Las uñas y las manos, destrozadas de arañar la tapa del ataúd; los ojos, dilatados por el más espantoso de los terrores; la boca desencajada, y el cuerpo, retorcido cruelmente por culpa de la más horrenda muerte a que podía haber sido sometido jamás ser humano alguno en este mundo desde el comienzo de los siglos, le volvían una y otra vez a la mente tal como acababa de verlos en el fondo de aquella miserable tumba hacía tan sólo unos minutos.
¡Américo Ospina! El de la sonrisa fácil; el de la alegría desbordada; el eterno soñador con quien lo había compartido todo y que jamás dudó en jugarse la cabeza por impedir que llamaran a su mejor amigo Carapalo, yacía allí víctima de aquella inhumana pandilla de bestias sin entrañas de la que él había sido durante tanto tiempo cómplice silencioso, e incluso ya muerto le parecía haber leído en sus desorbitados ojos la acusación que le hacía a él, ¡únicamente a él!, con quien había compartido la niñez, la juventud y su corta madurez, desde que apenas tenían uso de razón.
—¡Dios, Dios, Dios…! —sollozó angustiadamente—. ¿Por qué te fuiste tan lejos?
Pero Dios no se había ido lejos, porque nunca estuvo cerca ya que él jamás quiso que estuviera.
Tuvo que echar mano de toda su entereza y una fuerza de voluntad de la que ya creía carecer, para, apoyándose en la barandilla, conseguir ponerse en pie nuevamente, y paso a paso, con angustiosa lentitud, volver atrás, aproximarse a la puerta de la bodega y cerrarla con llave.
Buscó un largo tablón, lo apuntaló con todas sus fuerzas y luego, sin prisas, casi recreándose en lo que hacía, encendió una cerilla y la aproximó a un viejo y deshilachado cortinón que se caía a pedazos.
Contempló, impasible, cómo las llamas iban tomando fuerza, creciendo, ganando en altura, poder y belleza, y le fascinó descubrir cómo se abrazaban al raído paño para saltar luego a la reseca madera del quicio de la ventana; cantando, silbando; viviendo y haciendo revivir por un momento todo aquello que tocaban; dando a la luz de su danzante vientre nuevas llamas que brincaban alegres, divertidas, chispeantes y felices por aquel inmenso juguete reseco por el tiempo que acababan de ofrecerles; un juguete que parecía mantenerse en pie desde años atrás con el único fin de que un día —una noche como aquélla— el fuego acudiera a purificar la inconcebible monstruosidad de sus pecados.

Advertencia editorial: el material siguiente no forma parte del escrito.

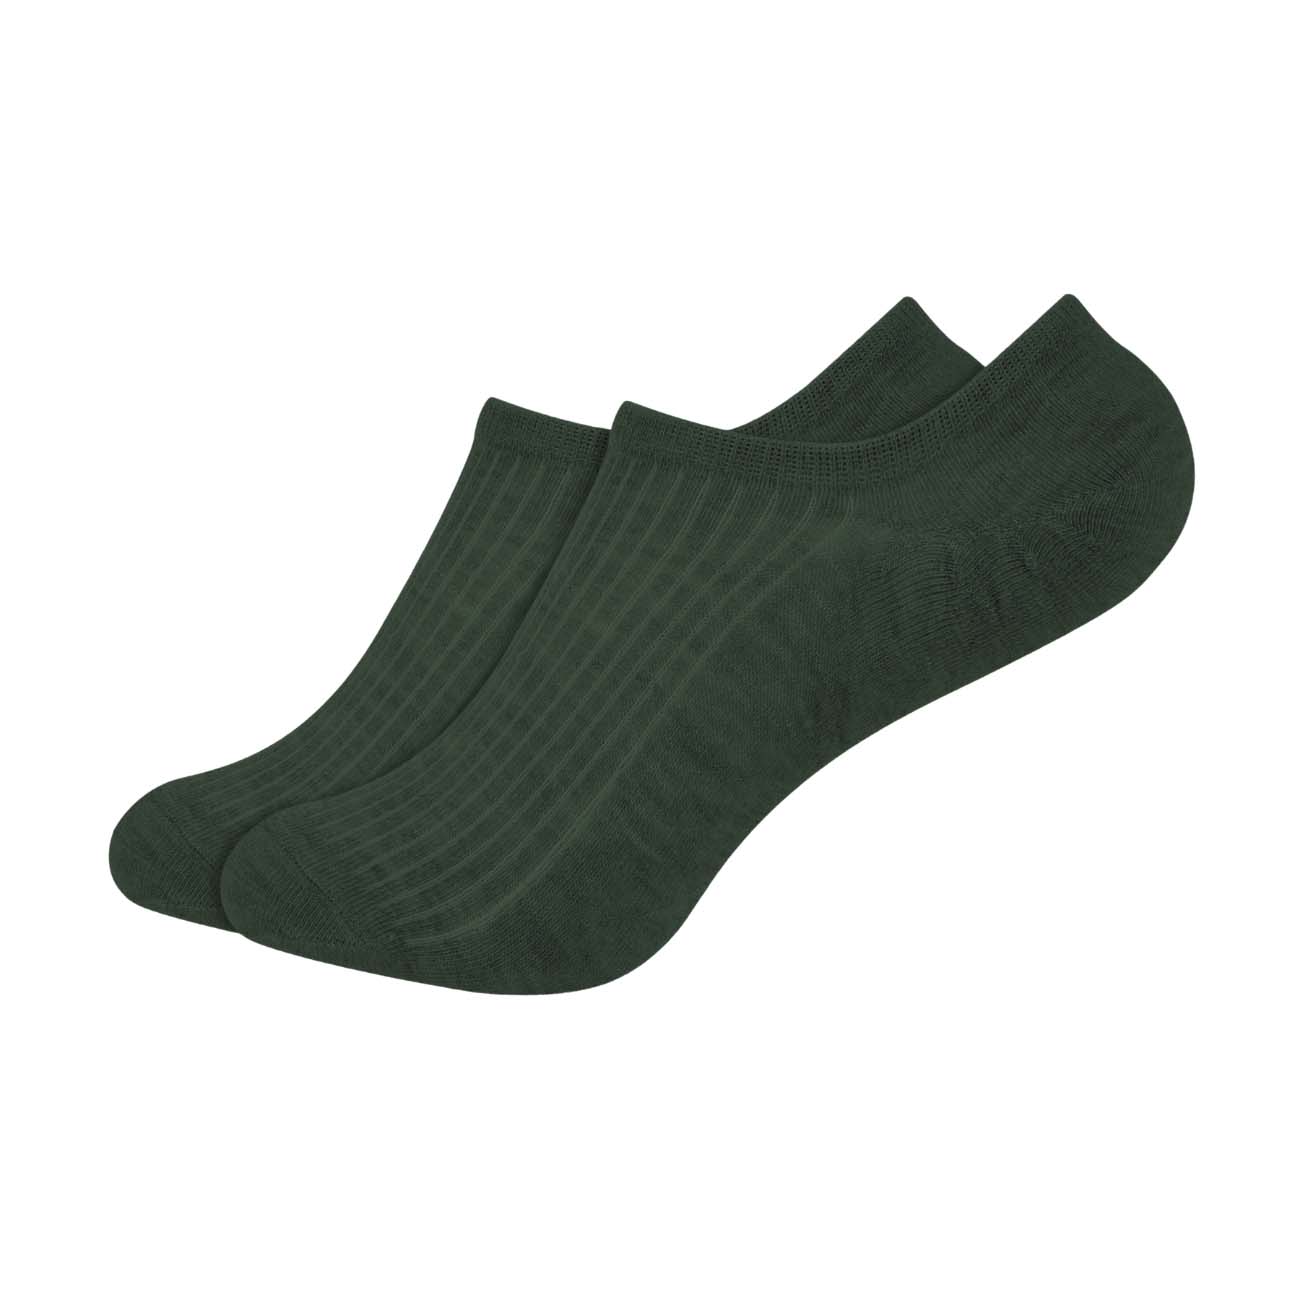 Men's Plain Colored Striped Invisible Foot Socks - IDENTITY Apparel Shop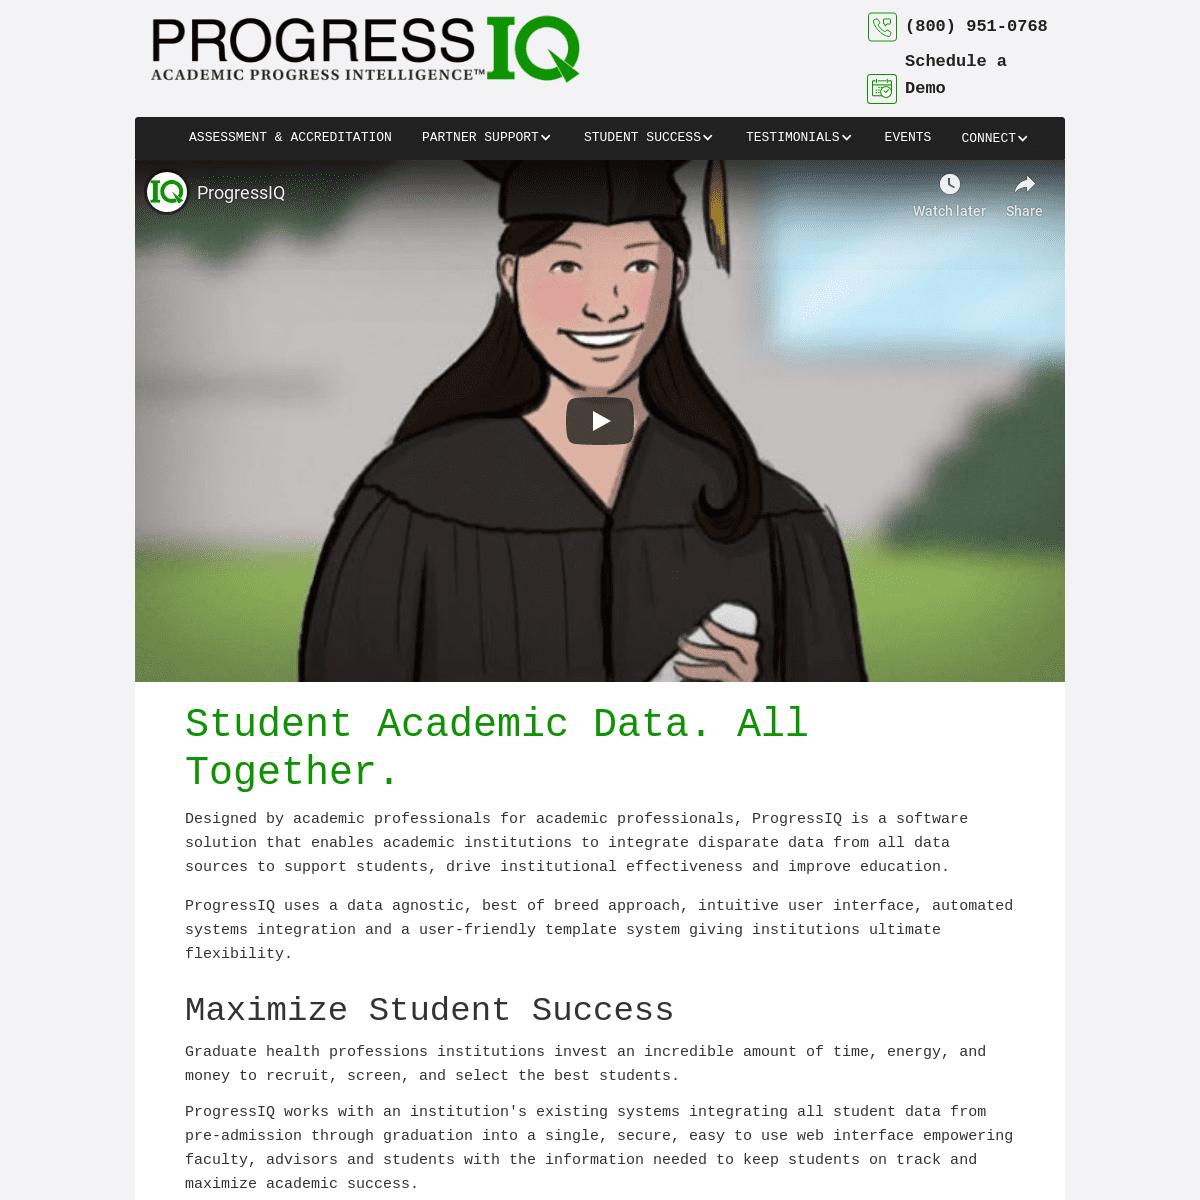 A complete backup of progressiq.com

Cuando un humo espeso e irrespirable se adueñó al fin de la estancia retrocedió despacio hacia la salida; luego abandonó el porche cuando se escuchaban ya los primeros golpes y los gritos de auxilio, y, por último, maravillado por la eficiente rapidez con que las llamas cumplían su trabajo, reculó paso a paso, hipnotizado, traspuesto, sordo a los alaridos de terror de sus cautivos; ajeno a todo lo que no fuera la gigantesca pira funeraria de su amigo Américo Ospina; la más justa y hermosa ceremonia de cremación que se hubiera llevado a cabo jamás en honor a un difunto.
Cuando el enorme y carcomido armazón de viejas vigas se vino por fin abajo, y de lo que fuera mansión, primero de todos los placeres y al final de todos los horrores, no quedó ya más que un humeante y silencioso montón de brasas y cenizas, Darío Pocaterra se enjugó las lágrimas, apretó los dientes y dando media vuelta emprendió, decidido, el largo camino de regreso a su hogar, en Cantagallo.